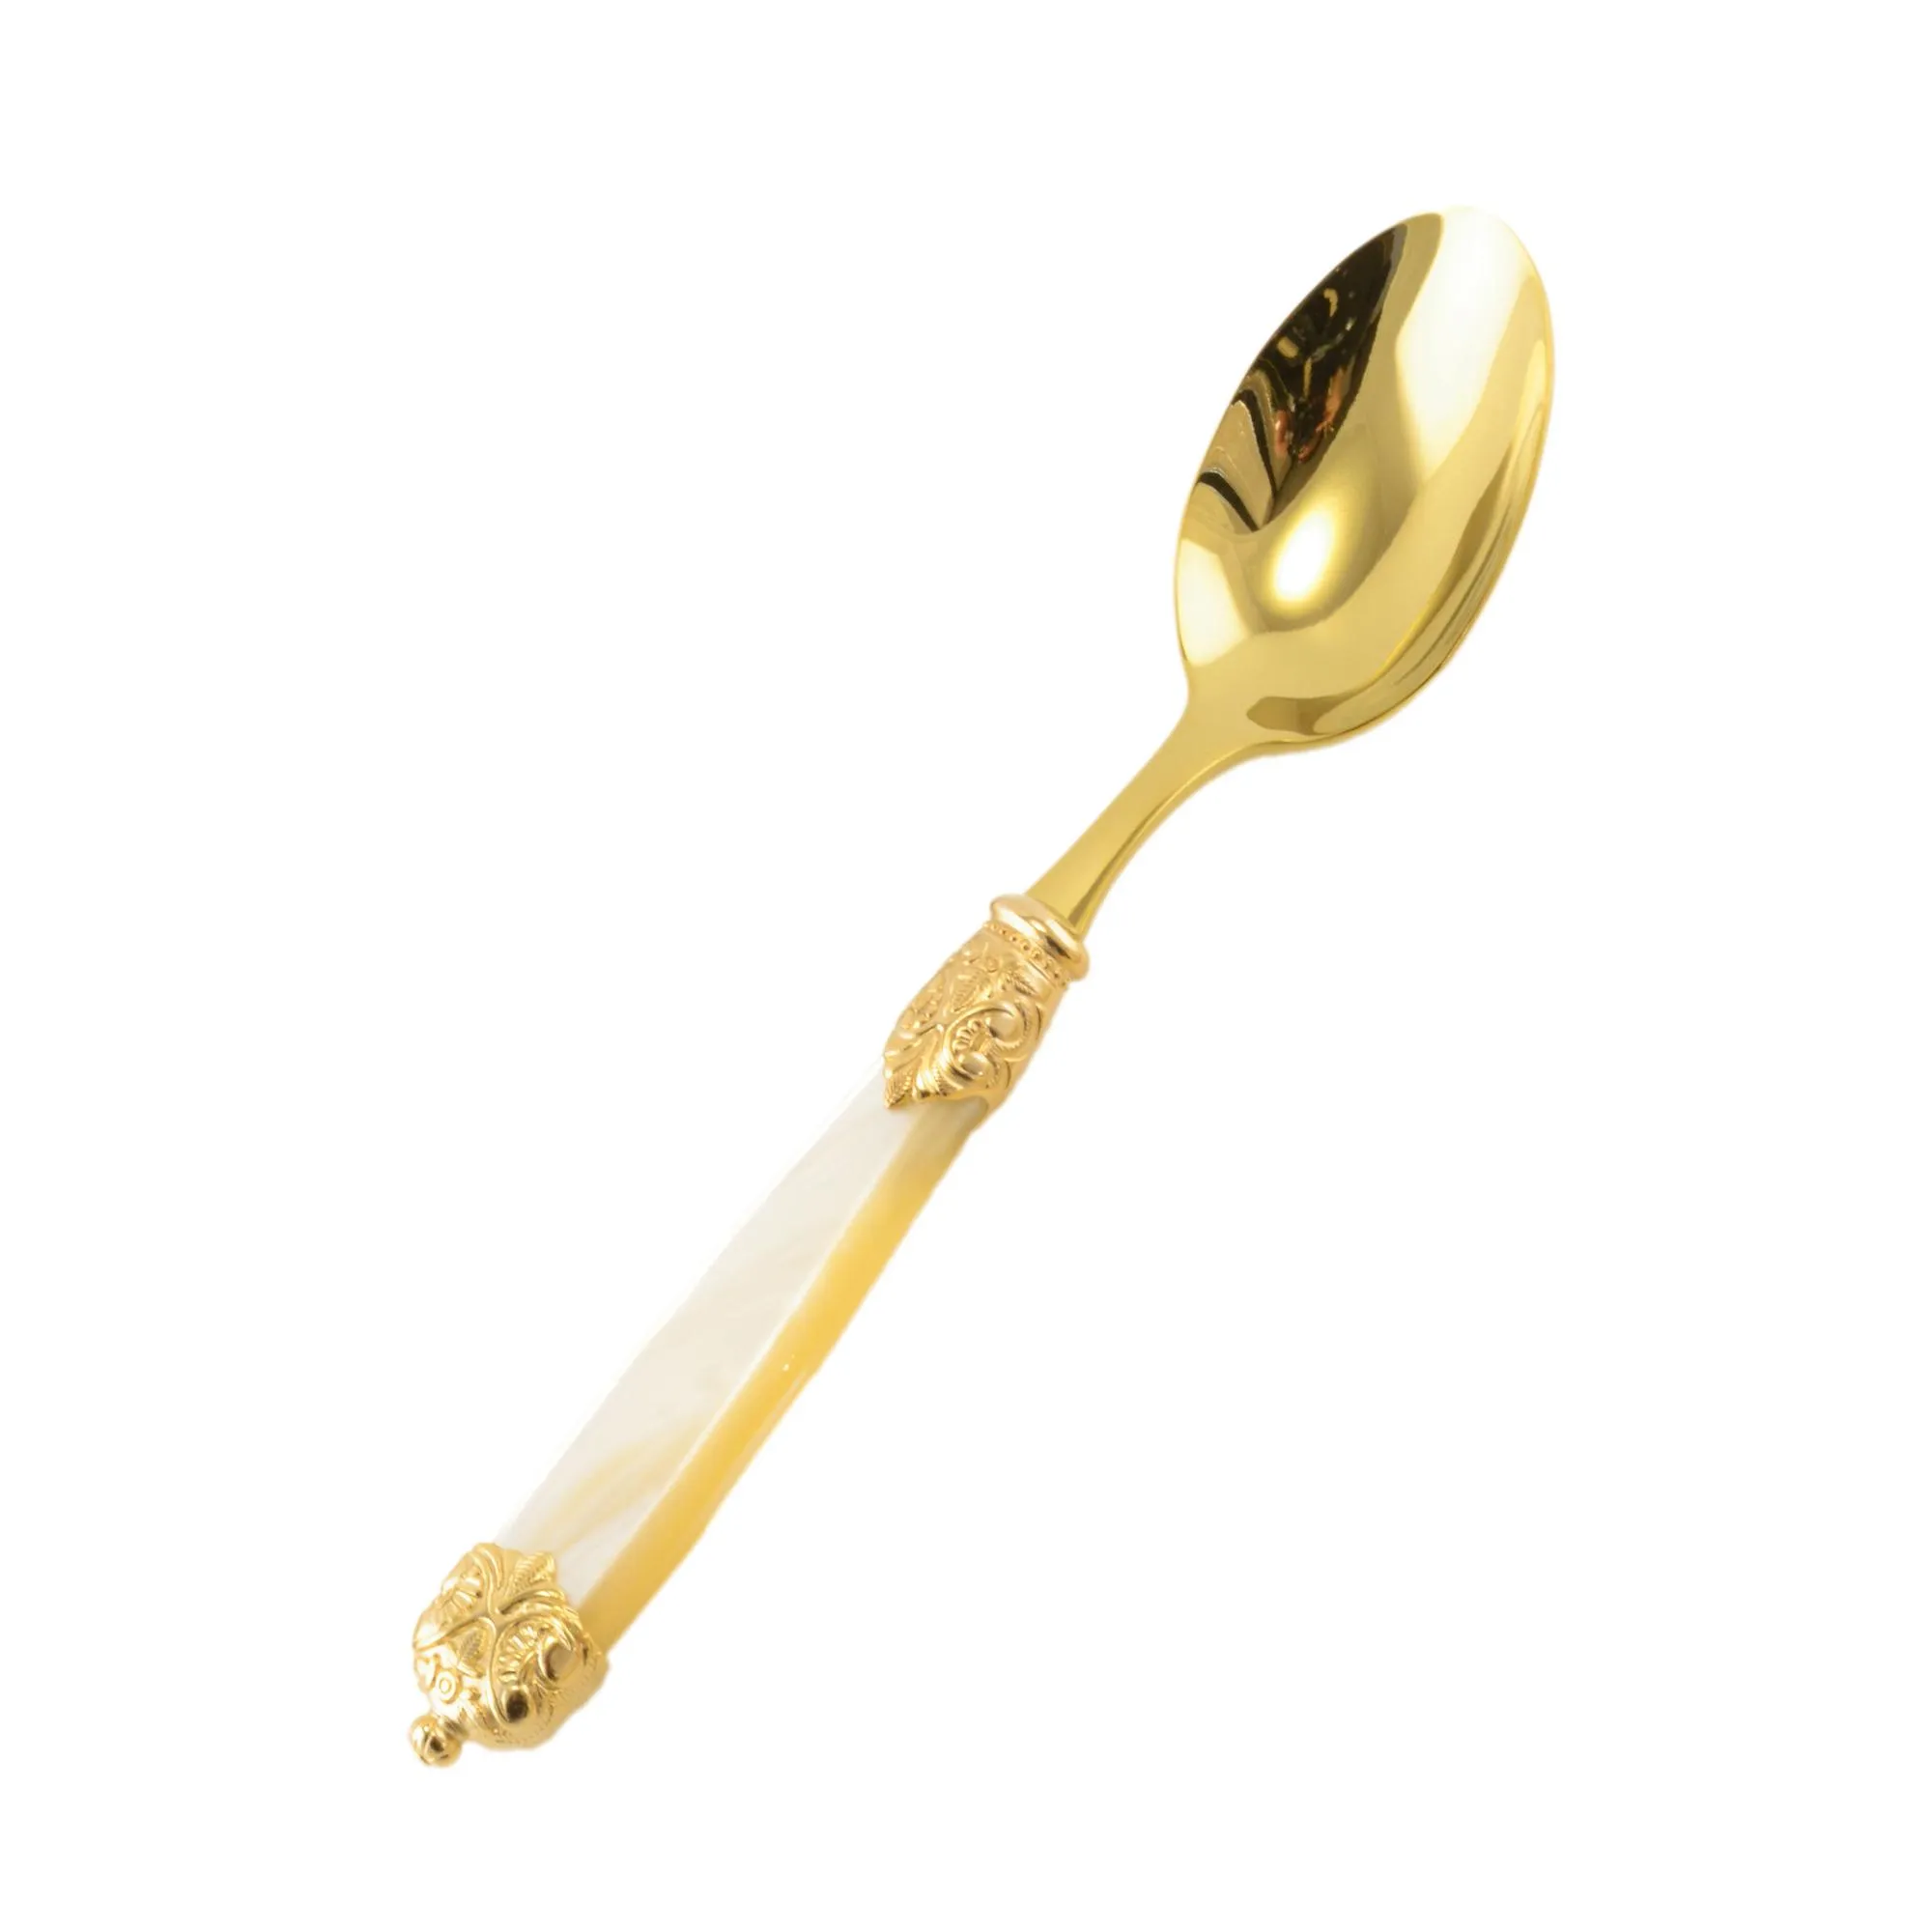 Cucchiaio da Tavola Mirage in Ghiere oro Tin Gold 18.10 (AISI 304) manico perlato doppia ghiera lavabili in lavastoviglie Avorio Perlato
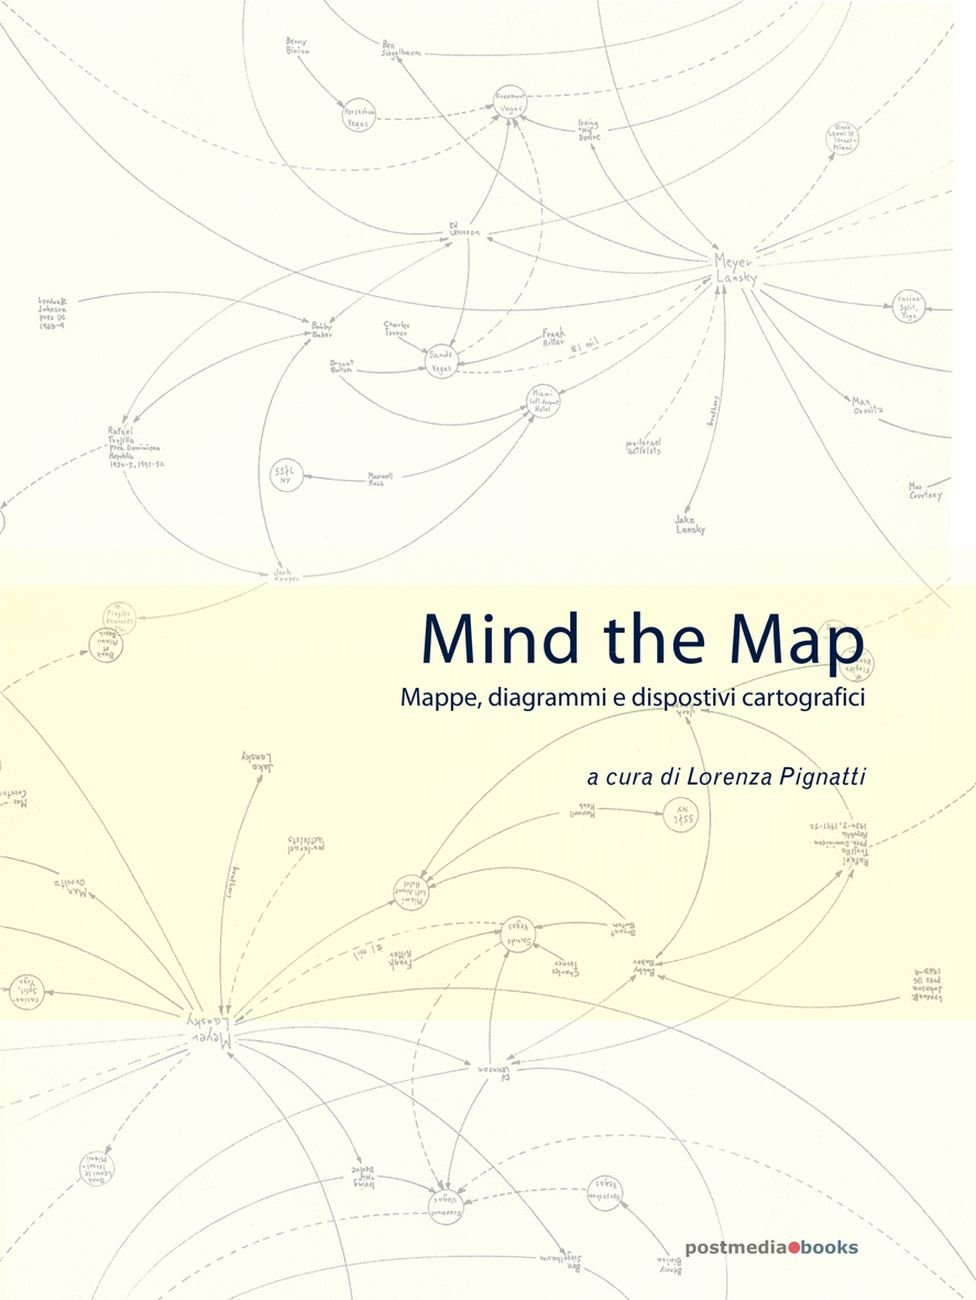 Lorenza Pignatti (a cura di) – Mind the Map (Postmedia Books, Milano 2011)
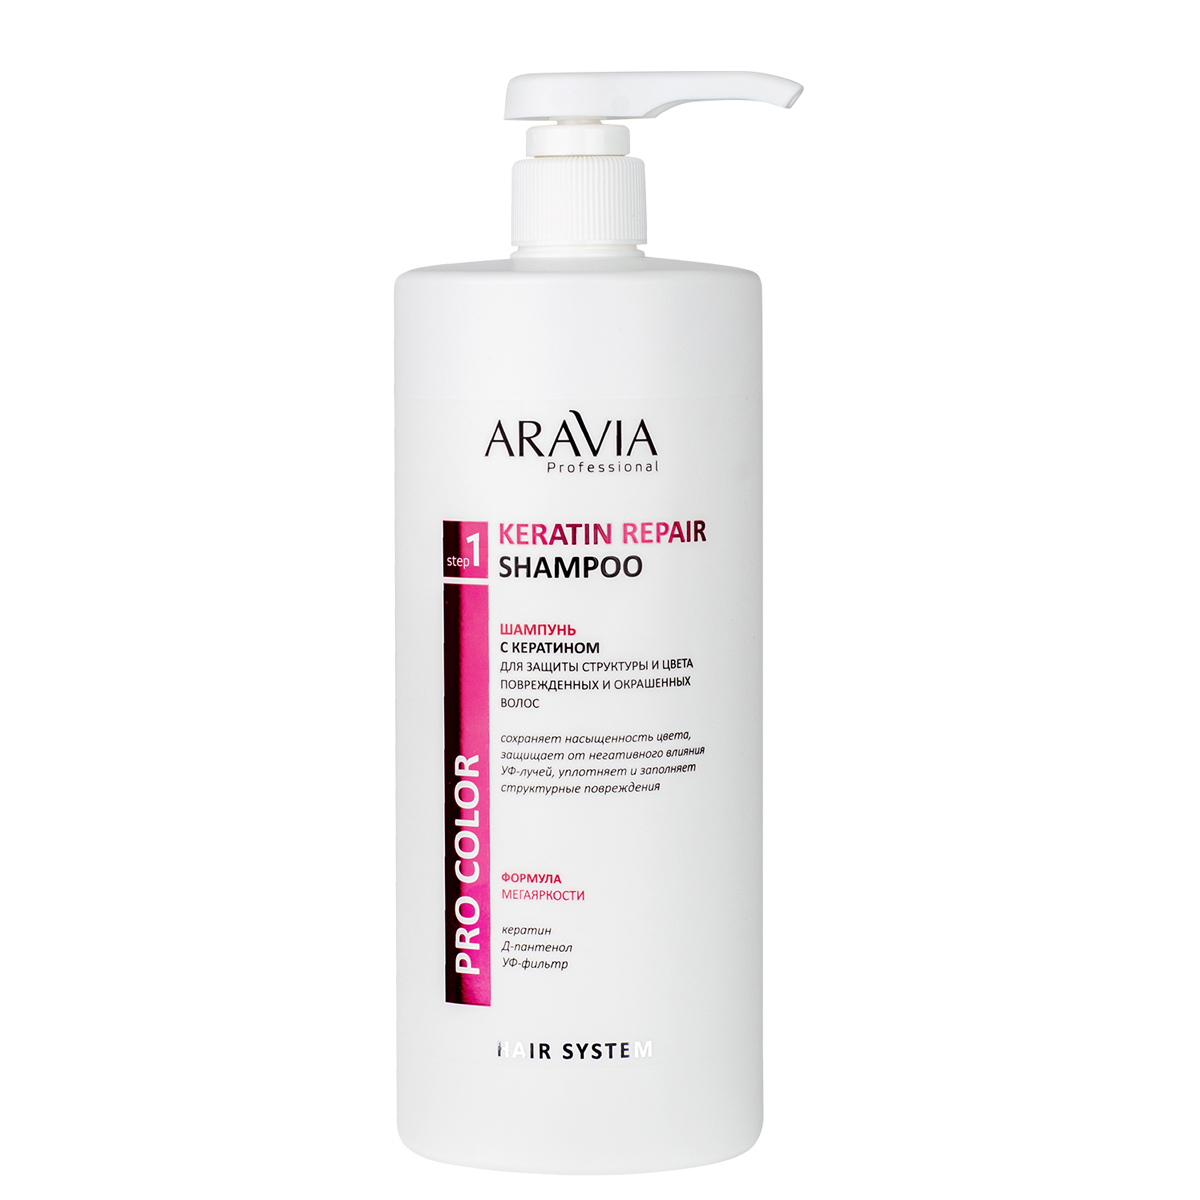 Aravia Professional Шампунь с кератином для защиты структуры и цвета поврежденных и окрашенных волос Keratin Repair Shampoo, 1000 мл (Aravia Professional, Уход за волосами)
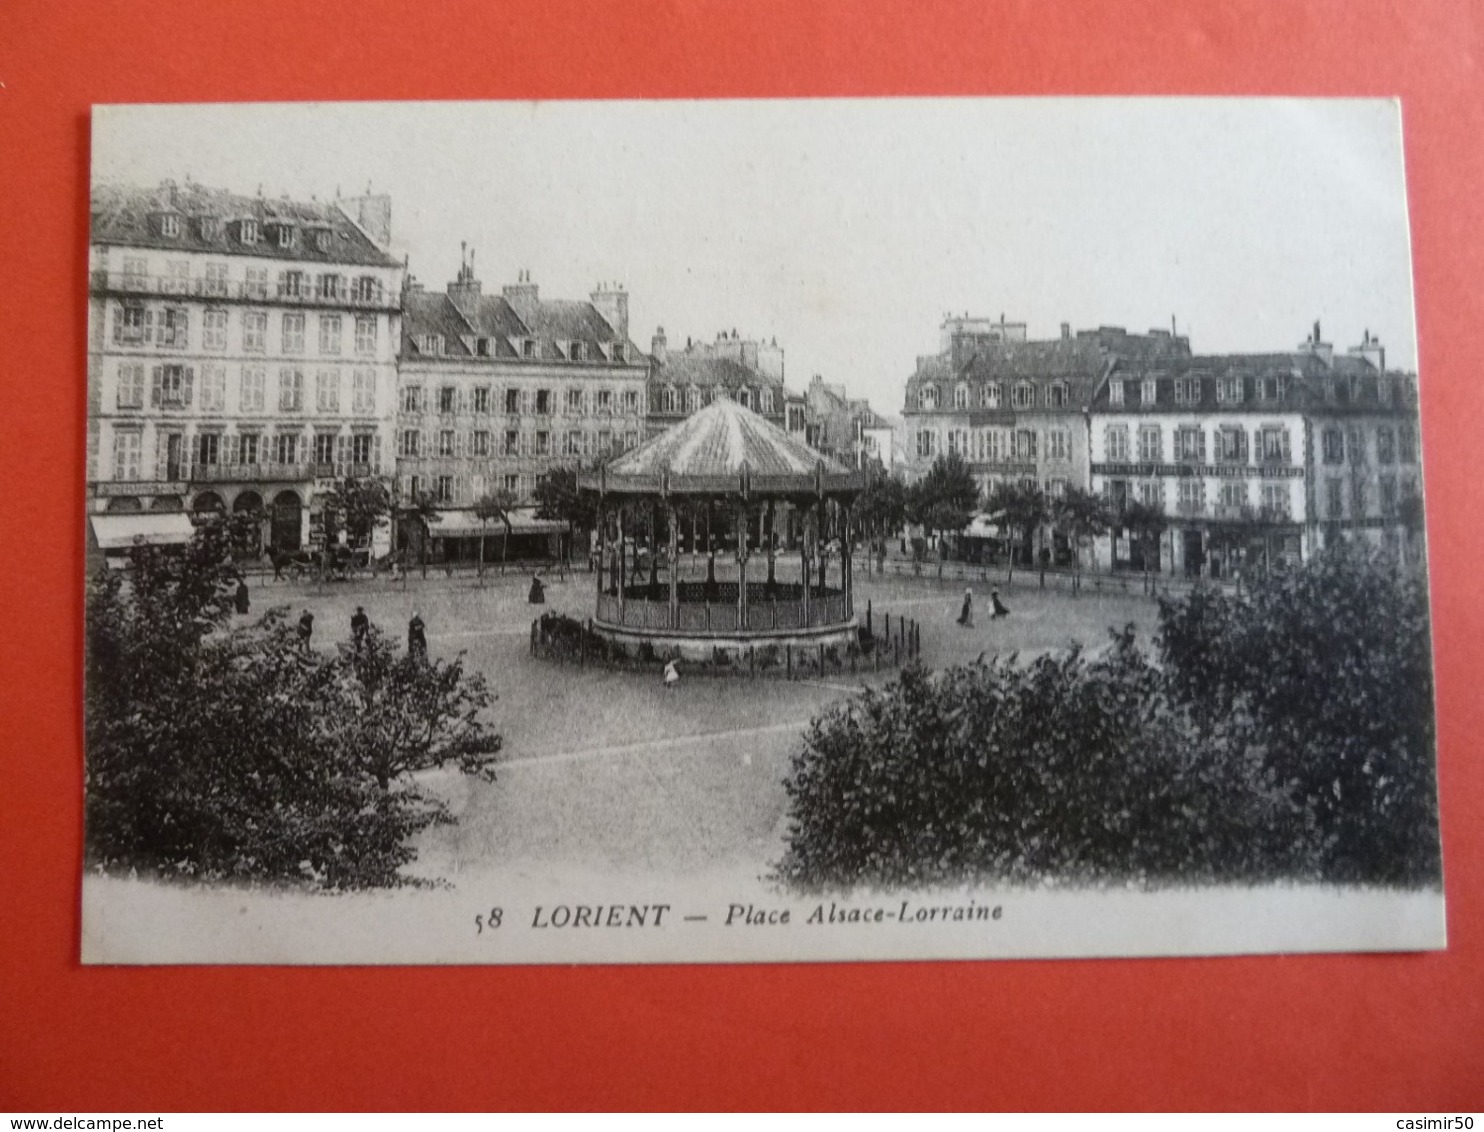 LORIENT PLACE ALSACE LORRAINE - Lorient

### DESCRIPTION OF THE TASK
Excluding the images, copy all of the material above verbatim.

### ANSWER SPACE
 Cucchiaio da Tavola Mirage in Ghiere oro Tin Gold 18.10 (AISI 304) manico perlato doppia ghiera lavabili in lavastoviglie Avorio Perlato
 Lorenza Pignatti (a cura di) – Mind the Map (Postmedia Books, Milano 2011)
 Aravia Professional Шампунь с кератином для защиты структуры и цвета поврежденных и окрашенных волос Keratin Repair Shampoo, 1000 мл (Aravia Professional, Уход за волосами)
 LORIENT PLACE ALSACE LORRAINE - Lorient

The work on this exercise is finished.